Das ist nicht Weltkultur. Das ist Heumarkt. Die Spreu das Erbe.

(Wenn gerade Kunstschaffende die Sorge um das Weltkulturerbe antreibt, kann geahnt werden, es hat auch etwas mit der Sorge um die eigene Unsterblichkeit als Künstlerin und als Künstler zu tun – notieren, das irgendwann näher ausführen, vielleicht, nein, genügt: die Unsterblichkeit ist tot.)

Die Kunst- und Kulturschaffenden führen weiter an, es werden am Heumarkt, so die Bezeichnung im Aufruf von Gerhard Ruiss, ein „Luxuswohnturm“ errichtet.

Ja, damit kann mobilisiert werden.
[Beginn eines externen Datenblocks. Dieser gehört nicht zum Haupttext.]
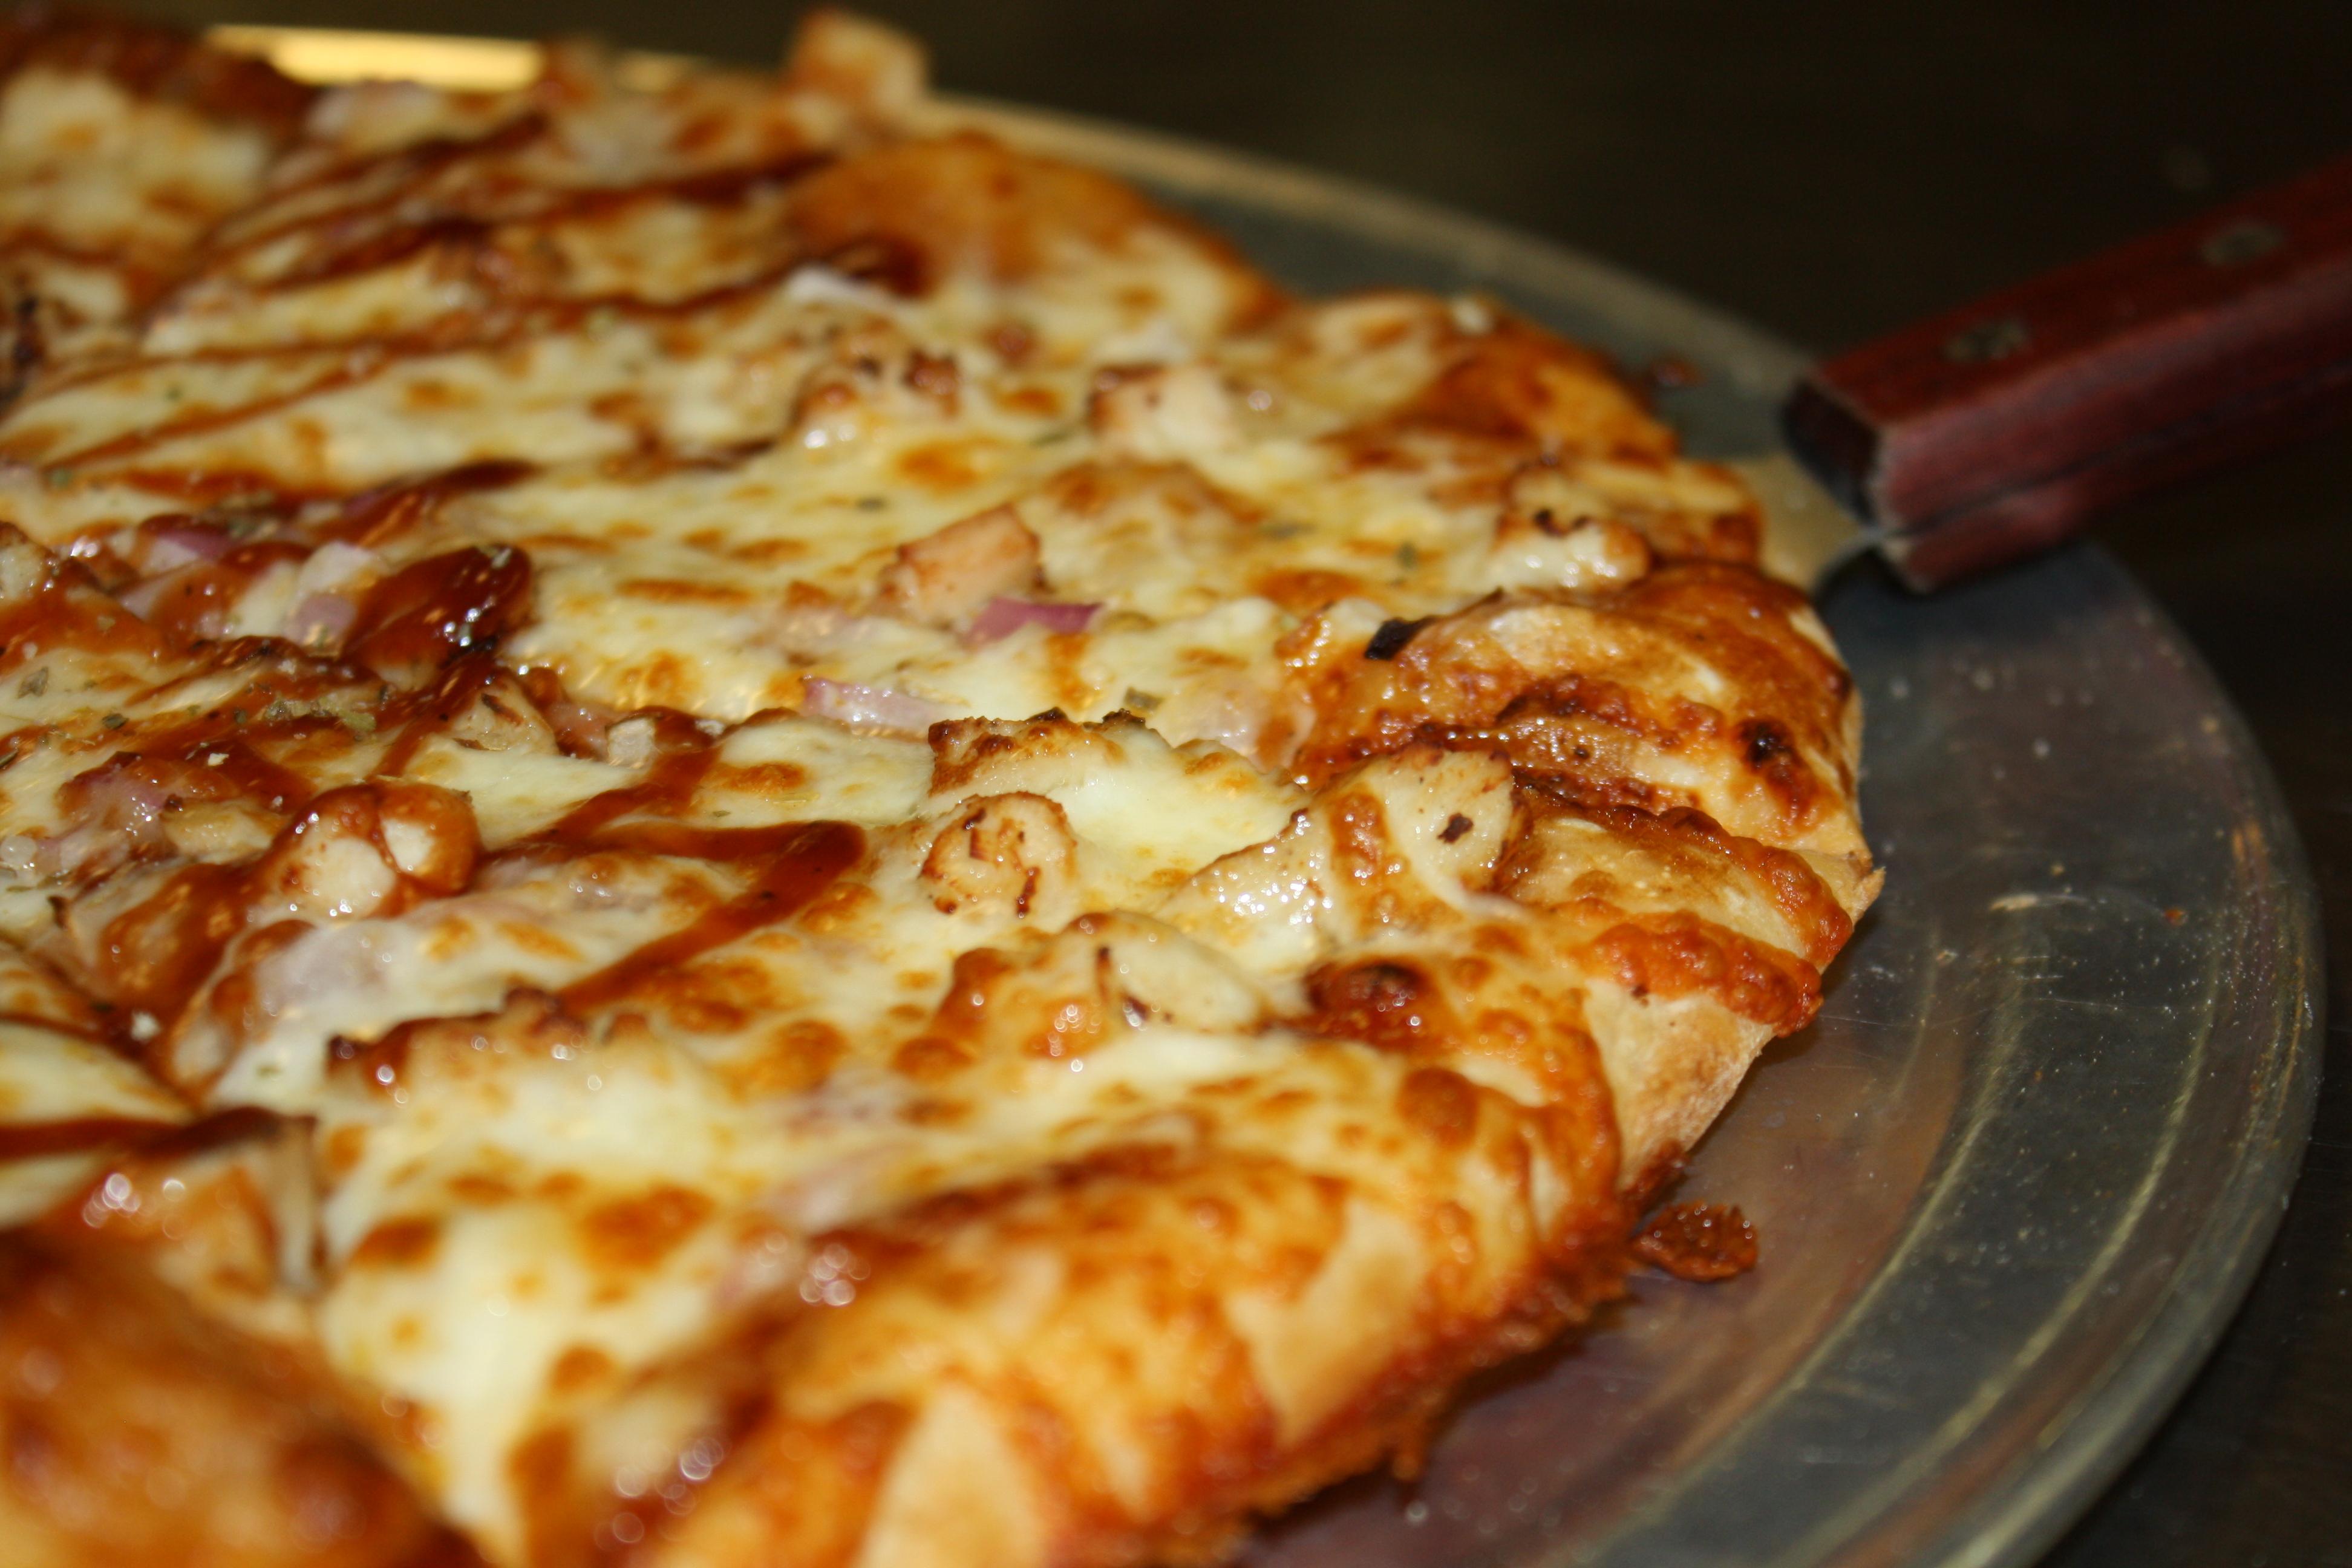 So Pizzas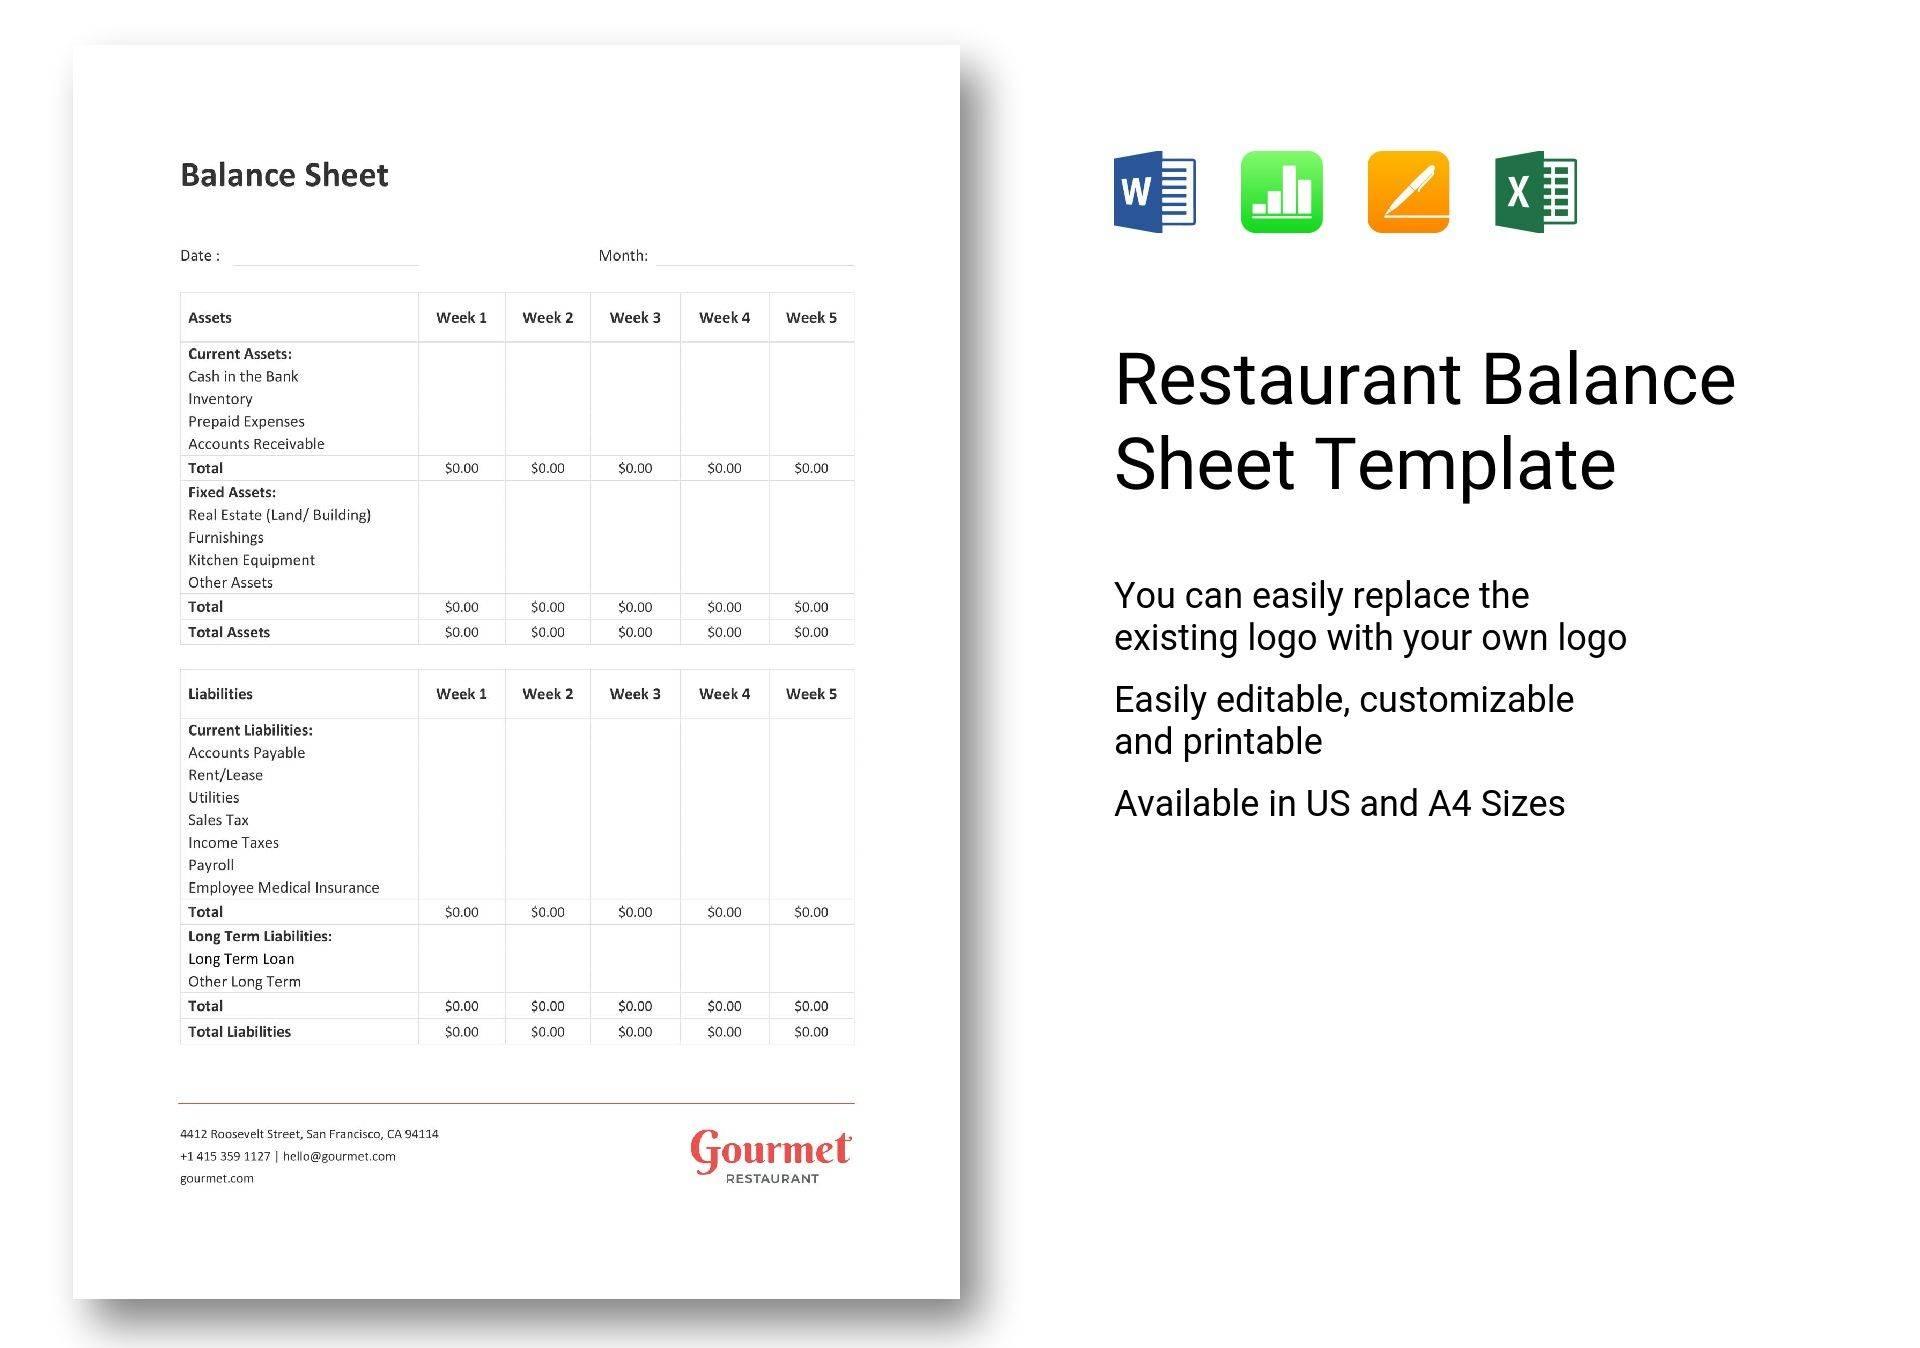 Restaurant Balance Sheet Template

Und es kann verstanden werden, gegen einen „Luxuswohnturm“ zu sein.

Im Grunde haben die Kunst- und Kulturschaffenden nur Überschriften, die gefallen könnten, wäre das Inhaltliche dazu nicht so dünn, wie es sonst bloß von einer Partei monopolartig in diesem Land gekannt wird. Und es überrascht nicht, daß genau diese Partei auch recht dagegen ist.

heumarkt-und-heumarkt

Wenn der Aufruf von diesen Kunst- und Kulturschaffenden verglichen wird mit dem Prospekt „Heumarkt Neu“ muß gesagt werden, das Inhaltliche ist nicht nur dünn, sondern schlichtweg falsch. So heißt es im Aufruf etwa:

„Für wen wird hier gebaut? Für die Wienerinnen und Wiener jedenfalls nicht. Und auch nicht für Touristinnen und Touristen. Wien dient nur als Kulisse für Luxuslebensgefühle, die hier ausgelebt werden sollen, der Bau ist ein Angebot für den grenzenlosen Reichtum, der auf der Suche nach Luxuswohnraum durch die Weltinnenstädte zieht. Er greift nicht nur massiv in die unmittelbare Bau- und Platzumgebung der dort bestehenden Objekte und Flächen ein, er verändert auch das Erscheinungsbild der Wiener Innenstadt gravierend.“

Forderungen werden aufgestellt, im Aufruf:

„Der öffentliche Raum und die öffentlichen Einrichtungen am und um das Gelände des Wiener Eislaufvereins müssen frei zugänglich und für die Allgemeinheit nutzbar bleiben.“

Skepsis ist stets angebracht. Projektvorstellungen sind kritisch zu beurteilen. Es soll aber nicht gleich alles als Lüge abgetan werden. Die Verantwortlichen für diese Projektvorstellung am Heumarkt sind in die Pflicht zu nehmen und werden die Konsequenzen zu ziehen haben, sollte es nicht so kommen, wie von ihnen versprochen. Und nach dieser Beschreibung ist diese Forderung mehr als erfüllt, so daß gefragt werden muß, wie kann behauptet werden, es käme nicht den Wienern und Wienerinnen zugute, wie kann gefordert werden, der öffentliche Raum müsse frei zugänglich und für die Allgemeinheit nutzbar bleiben.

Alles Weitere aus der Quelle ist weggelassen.